■ What is expected: Beginning with the line that holds "Wkładki do butów" and finishing with the line that holds "加拿大落基山脉的日出，来自摄影师Michael Shainblum。", repeat the listing exactly, leaving every picture out.

■ Data supplied:
# # # # #

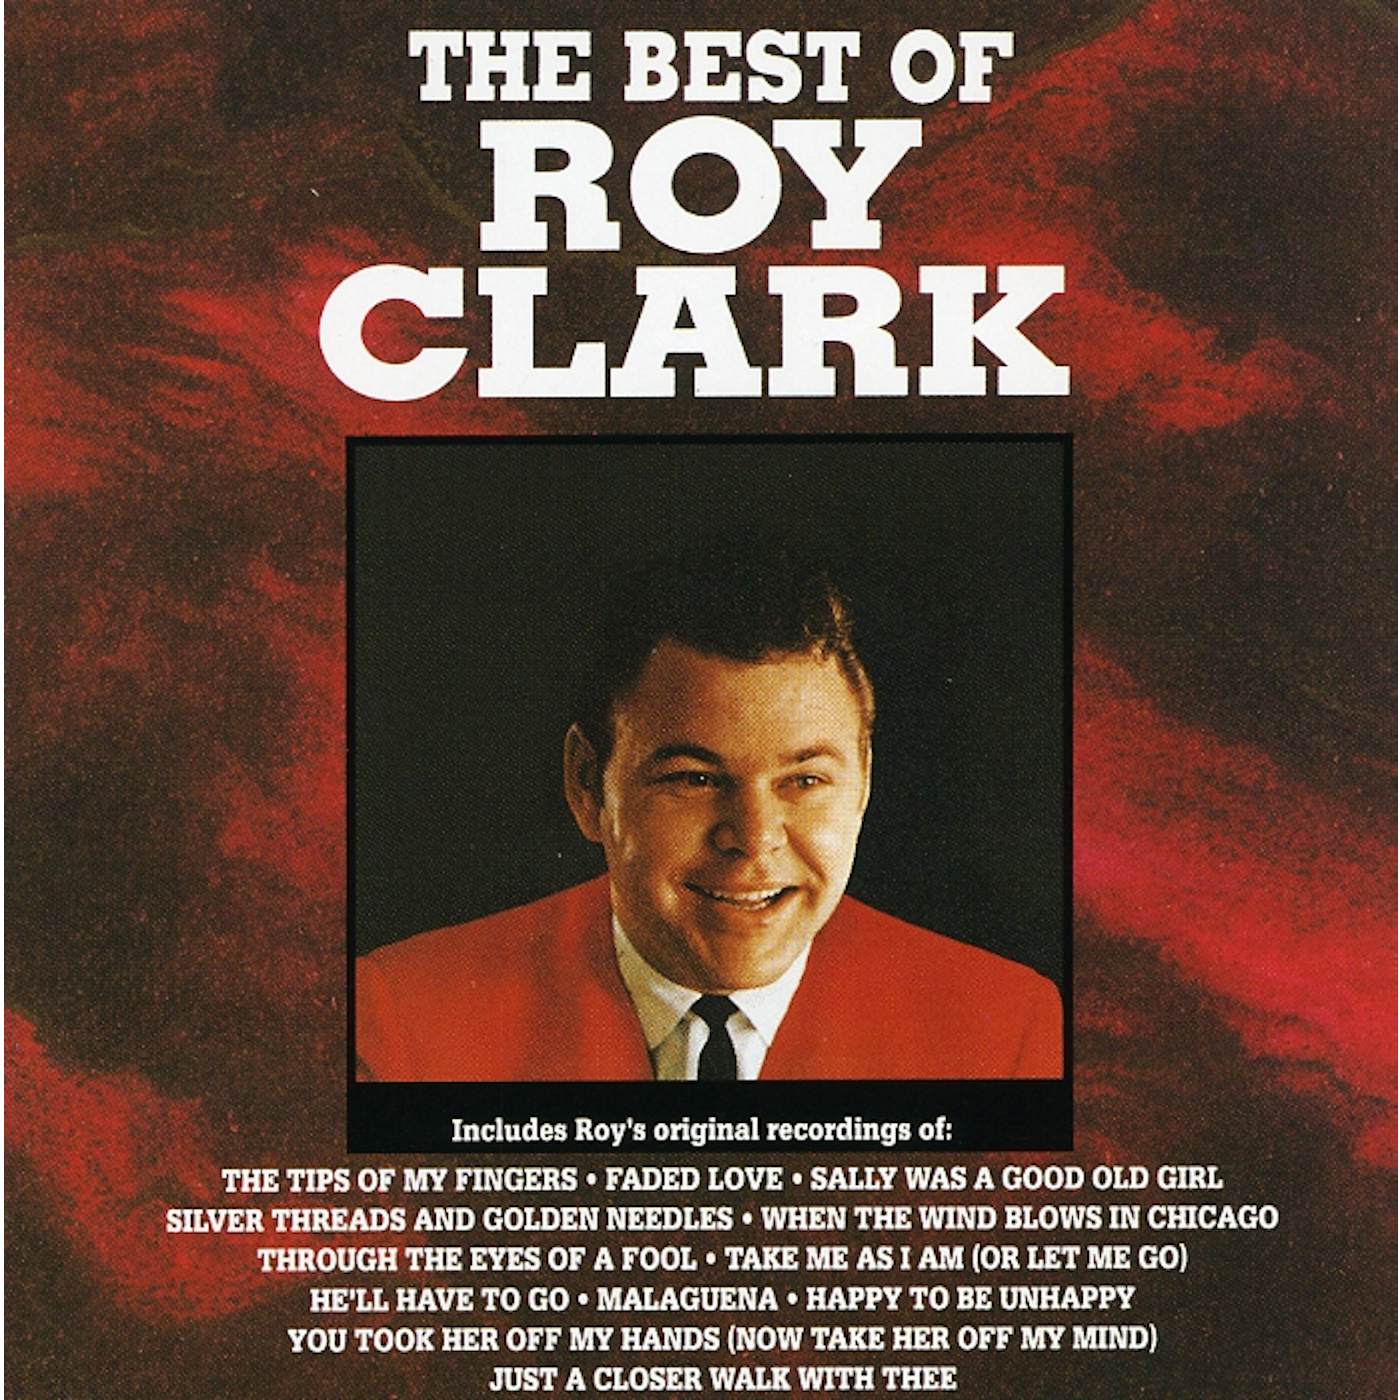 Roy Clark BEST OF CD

# # # # #

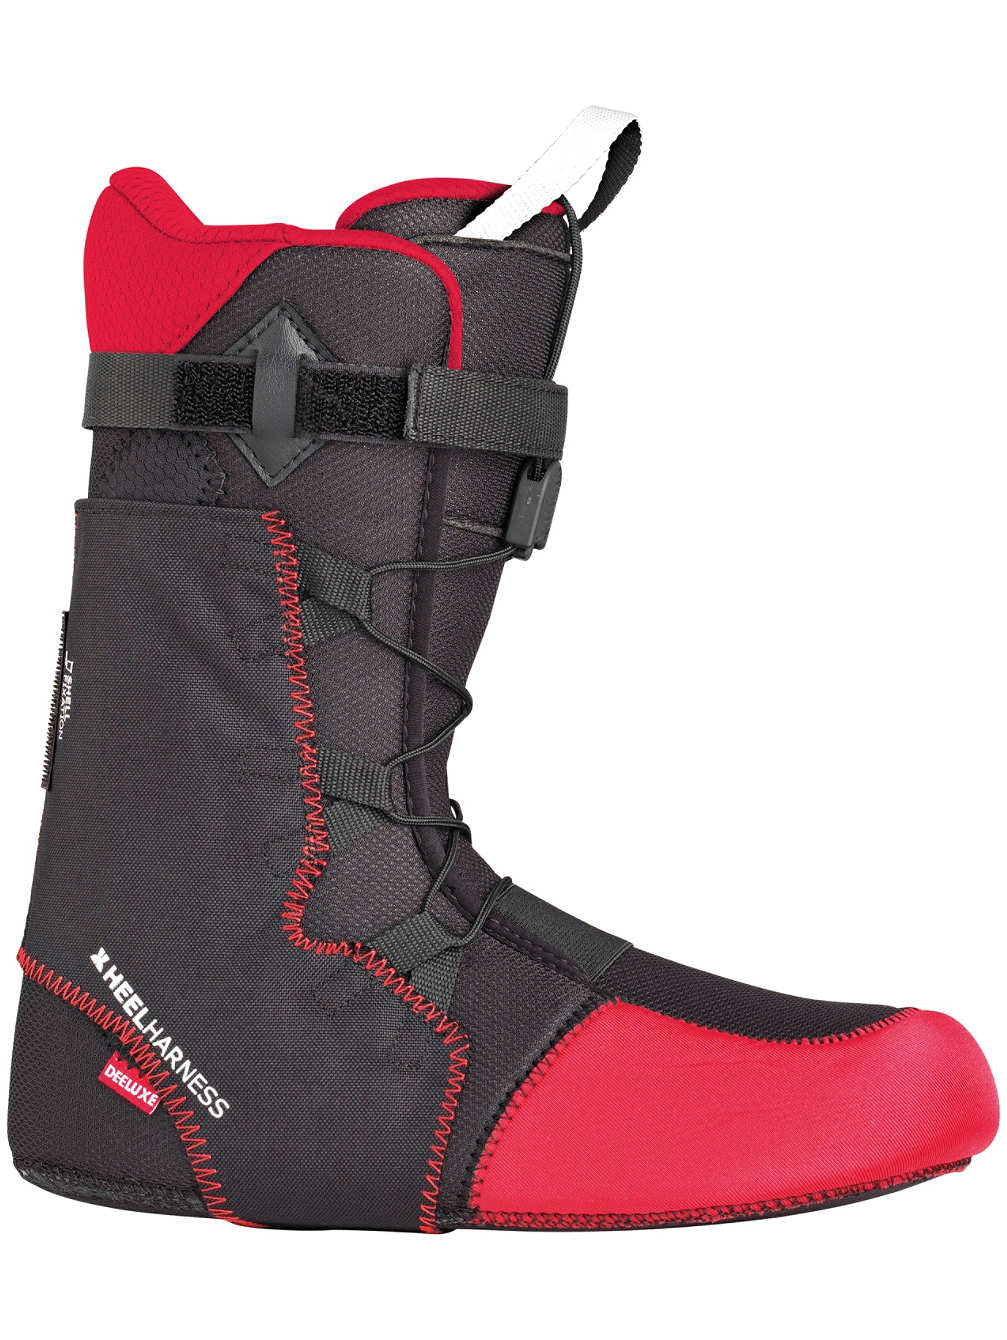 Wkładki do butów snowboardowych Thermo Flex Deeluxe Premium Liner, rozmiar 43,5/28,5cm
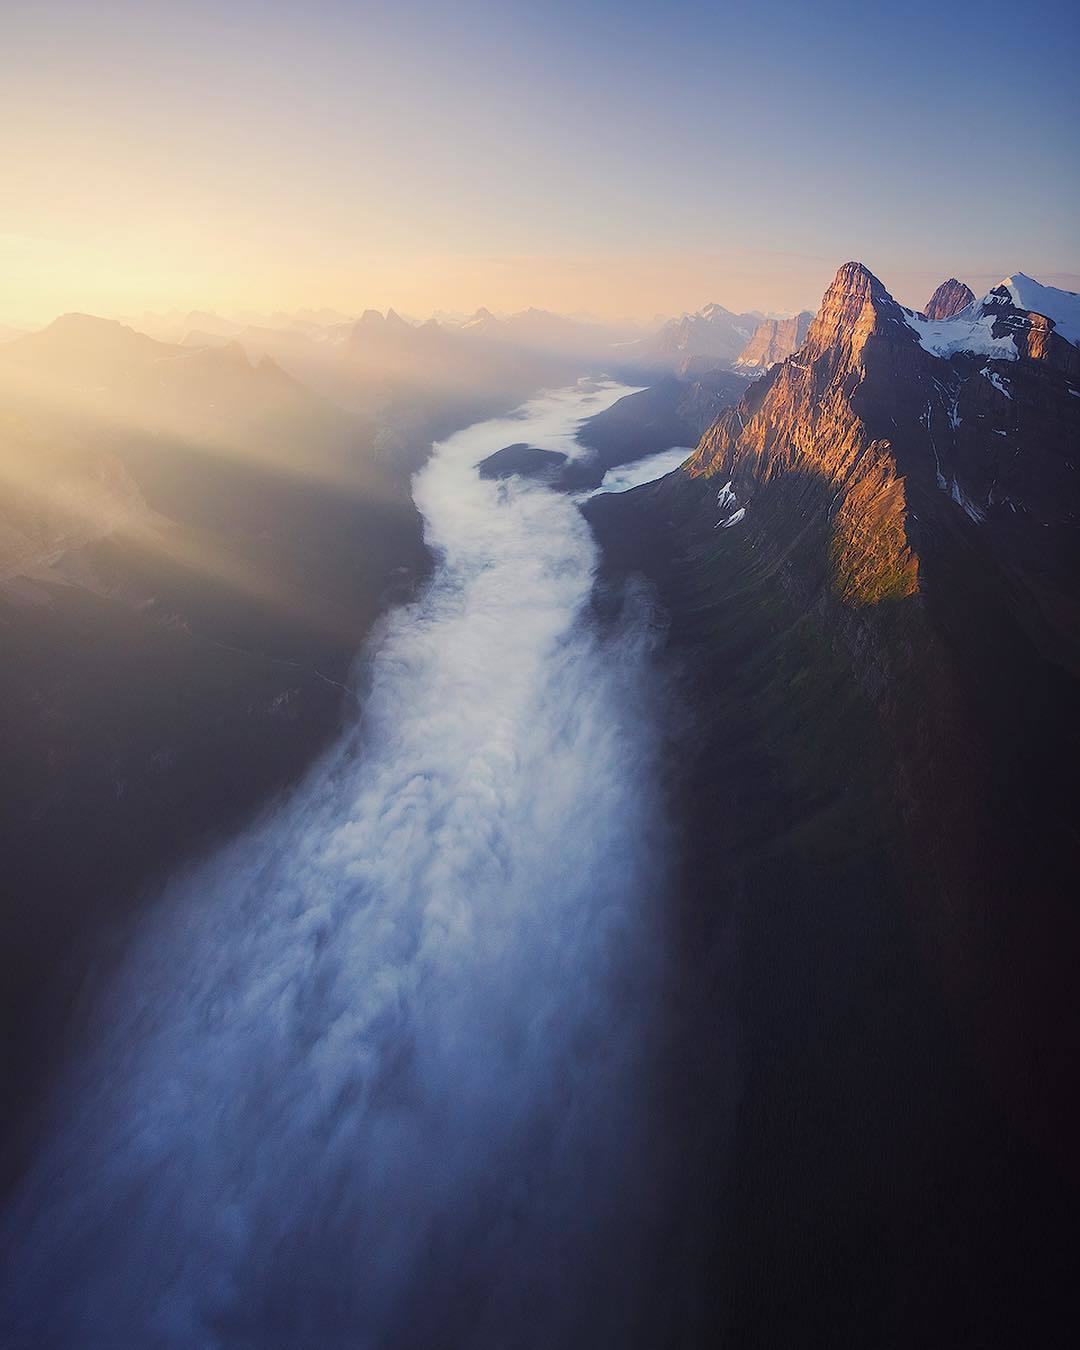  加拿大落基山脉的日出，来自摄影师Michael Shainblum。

# # # # #

■ Written answer:
 Wkładki do butów snowboardowych Thermo Flex Deeluxe Premium Liner, rozmiar 43,5/28,5cm
  加拿大落基山脉的日出，来自摄影师Michael Shainblum。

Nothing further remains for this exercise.